At it's core, A2rchi is a RAG chat model which takes in a corpus of data and returns natural language output. However, there are a couple of things that make the A2rchi project unique and specialized toward research and education:
-
Along with a native chat interface, A2rchi comes shipped with various other interfaces that enable it to do things such as: give suggestions for answers on a student help forum and help tech support teams answers emails and create tickets.
-
A2rchi's fully customizable configuration allows users to tweak and adjust everything from prompts, to context lengths, to documents uploaded, etc. and is easy to deploy and modify.
System Requirements
A2rchi is containized and is deployed with a python-based CLI. Therefore, it requires:
-
docker
version 24+ (for containers) -
python 3.10.0+
(for CLI)
Install
A2rchi's CLI can be used to create
and delete
instances of an a2rchi deployment and provides the installation needed for A2rchi.
To install the CLI, first clone the a2rchi repo:
$ git clone https://github.com/mit-submit/A2rchi.git
Then, activate a virtual/conda environment and from the root of the repository (i.e. where the pyproject.toml
file is) by running:
$ pip install .
This will install A2rchi's dependencies as well as a local CLI tool. You should be able to see that it is installed using the which
command (your output will be slightly different):
$ which a2rchi
/Users/default_user/A2rchi/venv/bin/a2rchi
Secrets
Secrets are values which are sensitive and therefore should not be directly included in code or configuration files. They typically include passwords, API keys, etc.

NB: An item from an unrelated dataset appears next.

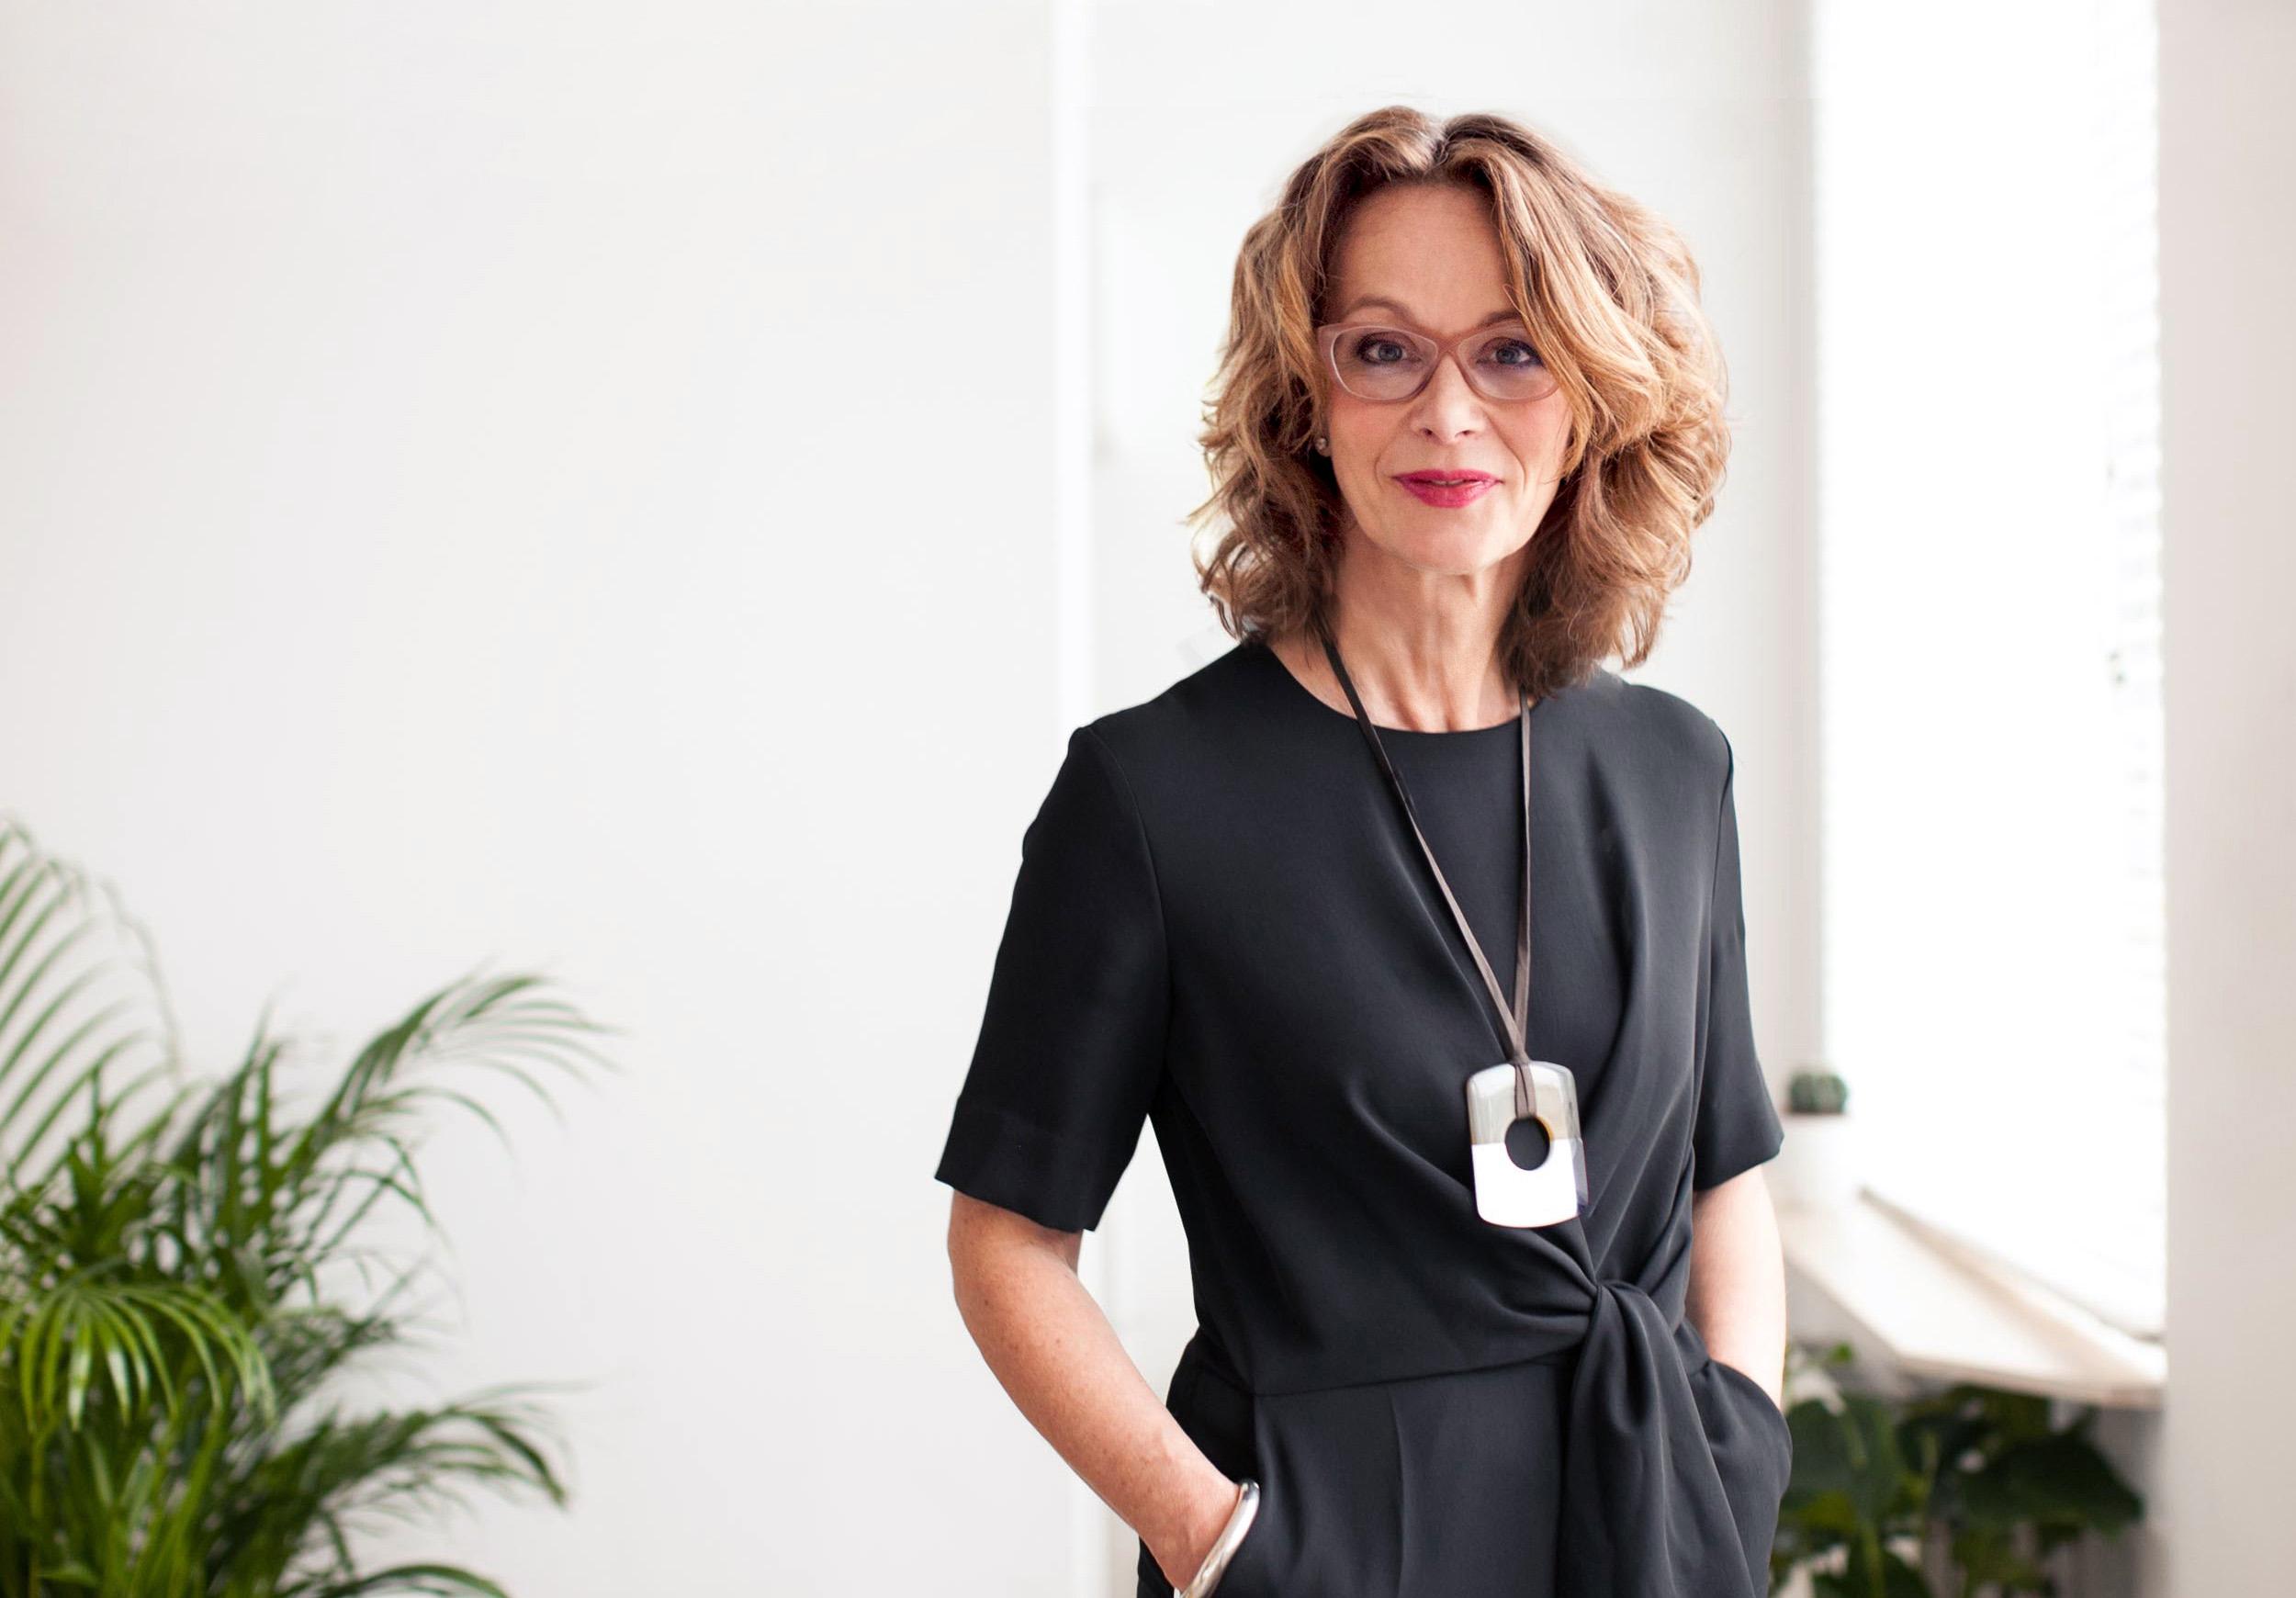 Liesbeth Dillen - Future-Proof & Maximize Your Business Potentials-2.jpg

To manage these secrets, we ask that you write them to a location on your file system in .txt
files titled the name of the secrets. You will then give the location of the folder to the configuration file (see next section). You may also use multiple different folders/locations and supply them all to the configuration.
The secrets you are required to have to start a2rchi are:
- openai_api_key
: the API key given by openAI
- anthropic_api_key
: the API key given by anthropic
- hf_token
: the API key to your huggingface account,
- pg_password
: some password you pick which encrypts the database.
We will change imminently as we support open LLMs and it shouldn't be necessary to have all of these for any given deployment. For now, for any api keys you are not using, please still create the corresponding file and write any dummy text.
Basic CLI Overview
A2rchi's CORE launches its chat interface and data management interface. The CORE CLI has the following commands:
a2rchi create --name <name> --a2rchi-config <path-to-config>
a2rchi delete --name <name>
The --name
represents the name of your a2rchi deployment and by default the files for your deployment will be stored under ~/.a2rchi/a2rchi-{name}
on your local machine (you don't need to do anything with them, this is just an FYI).
The --a2rchi-config
is a configuration file provided by the user which can override any of the templatable fields in a2rchi/templates/base-config.yaml
.
Required configuration fields
There are a few required fields that must be included in every configuration. They are:
-
name
: The name of the configuration (NOTE: this is not neccessarily the name of the a2rchi deployment described above) -
global:TRAINED_ON
: A quick couple words describing the data that you want A2rchi to specialize in. For example, "introductory classical mechanics" or "the subMIT cluster at MIT." -
chains:input_lists
: A list of file(s), each containing a list of websites seperated by new lines, used for A2rchi's starting context (more can be uploaded later). For example,configs/miscellanea.list
contains information of the MIT proffessors who started the A2rchi project:
# web pages of various people
https://people.csail.mit.edu/kraska
https://physics.mit.edu/faculty/christoph-paus
-
chains:prompts:CONDENSING_PROMPT
: A condensing prompt is a prompt used to condense a chat history and a follow up question into a stand alone question. This configuration line gives the path, relative to the root of the repo, of a file containing a condensing prompt. All condensing prompts must have the following tags in them, which will be filled with the appropriate information:{chat_history}
and{question}
. A very general prompt for condensing histories can be found atconfigs/prompts/condense.prompt
, so for base installs it will not need to be modified. -
chains:prompts:SUMMARY_PROMPT
: #TODO: I don't actually know what this does... For now just link it a blank file.... -
chains:prompts:MAIN_PROMPT:
: A main prompt is a prompt used to qurery LLM with appropriate context and question. This configuration line gives the path, relative to the root of the repo, of a file containing a main prompt. All main prompts must have the following tags in them, which will be filled with the appropriate information:{question}
and{context}
. An example prompt specific to subMIT can be found here:configs/prompts/submit.prompt
(it will not perform well for other applications where it is recommeneded to write your own prompt and change it in the config) -
chains:chain:MODEL_NAME
: Model name for the choice of LLM (OpenAIGPT4, OpenAIGPT35, AnthropicLLM, DumbLLM, etc) -
chains:chain:CONDENSE_MODEL_NAME
: Model name for condensing chat histories. -
chains:chain:SUMMARY_MODEL_NAME
: Model name for summarizing. -
location_of_secrets
: A list of the absolute paths of folders containing secrets (passwords, API keys, etc.), discussed explicitly in the previous section.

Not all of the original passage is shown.